## EXERCISE DESCRIPTION
An exact transcript is required of the lines below, from the one containing "Hello Kitty Christmas Coloring Pages 1" through the very last; leave every picture out of it.

## COLLECTED DATA

----------

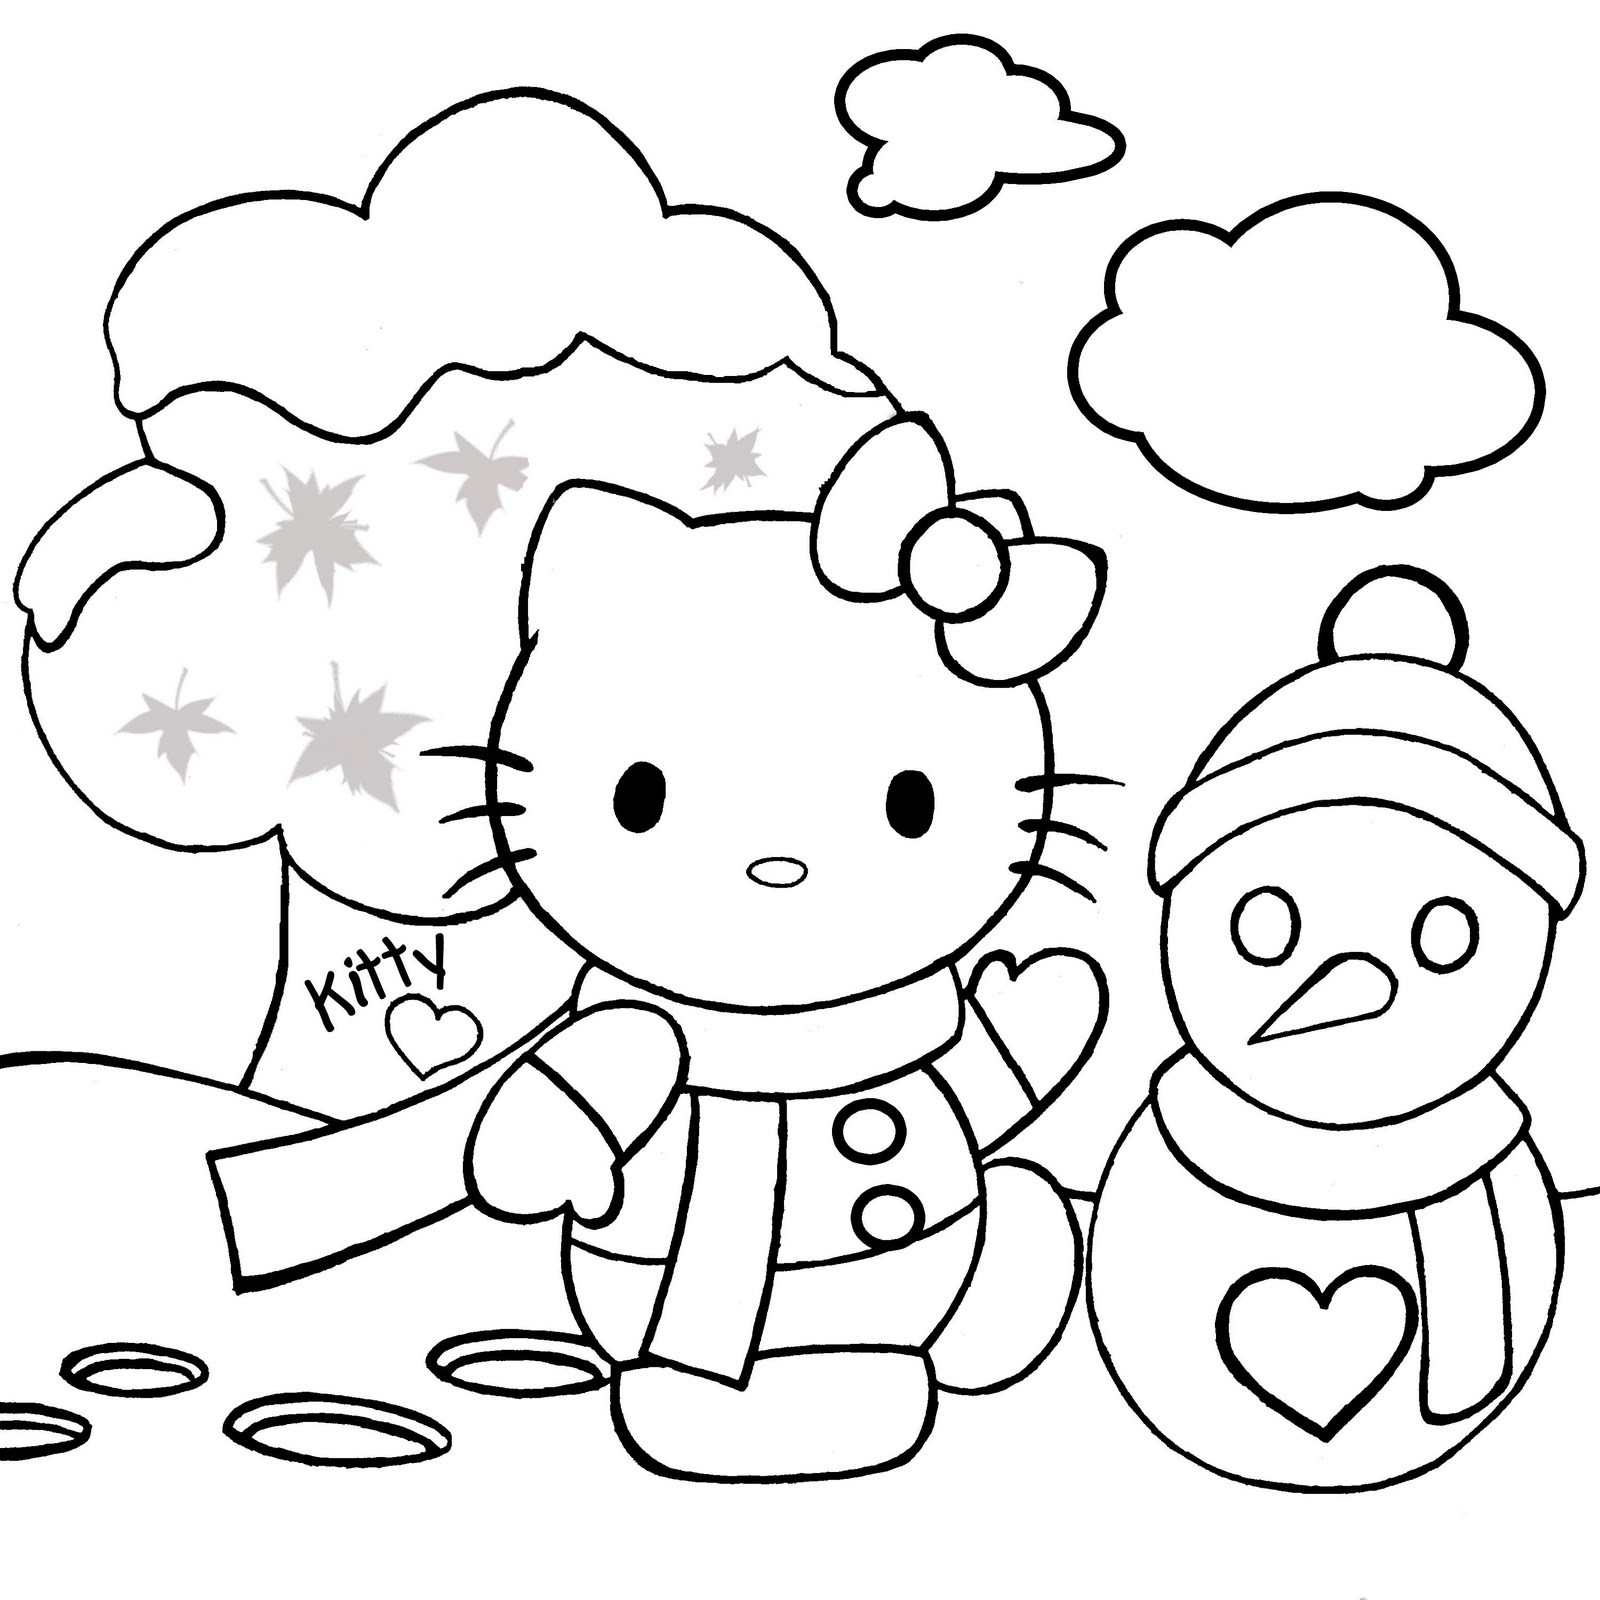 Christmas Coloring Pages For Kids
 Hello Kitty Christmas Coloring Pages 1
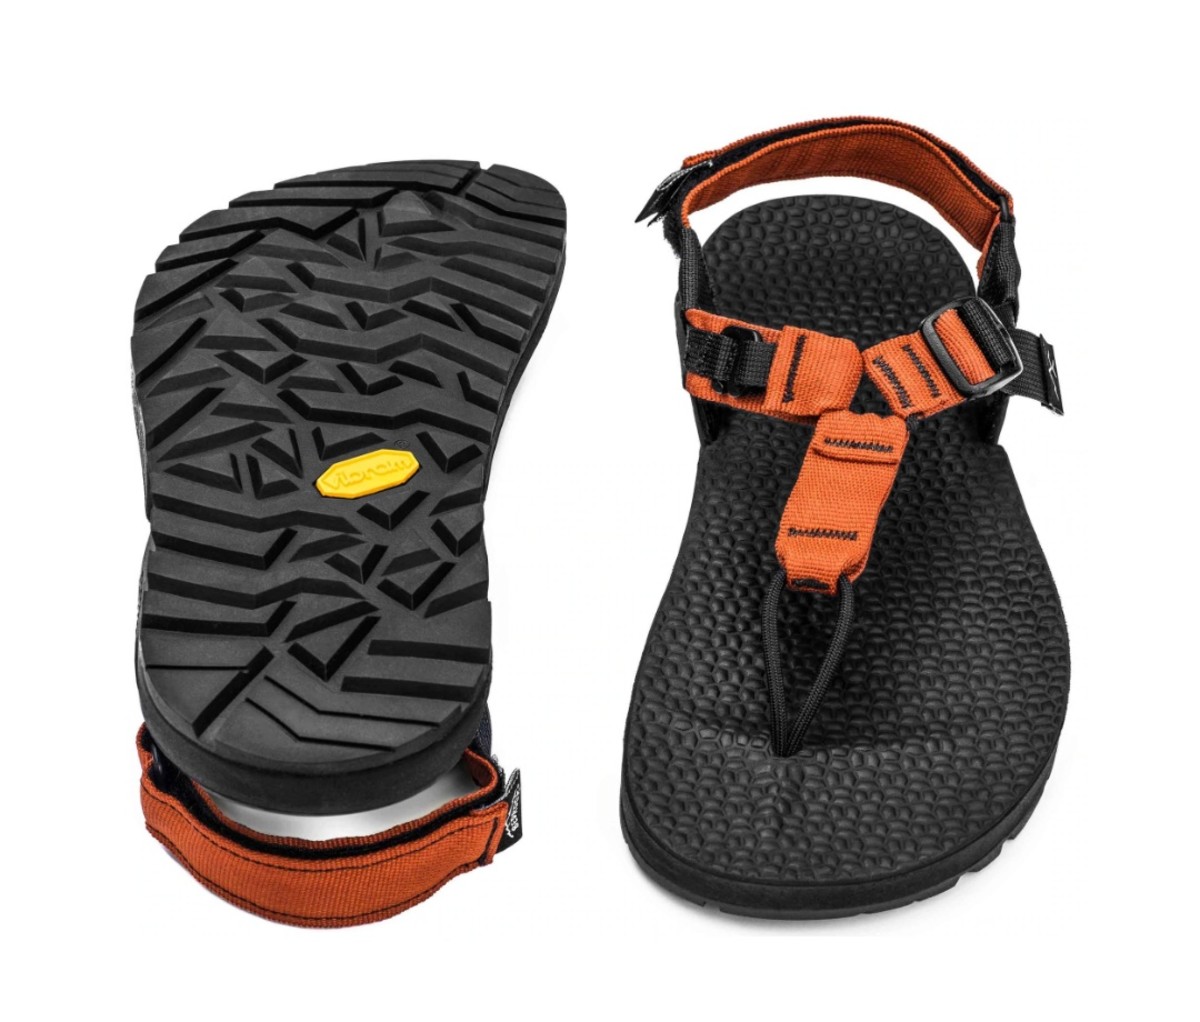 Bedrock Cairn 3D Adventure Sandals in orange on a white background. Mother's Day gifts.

----------

## RESULT FOR THIS TASK
 Hello Kitty Christmas Coloring Pages 1
 Bedrock Cairn 3D Adventure Sandals in orange on a white background. Mother's Day gifts.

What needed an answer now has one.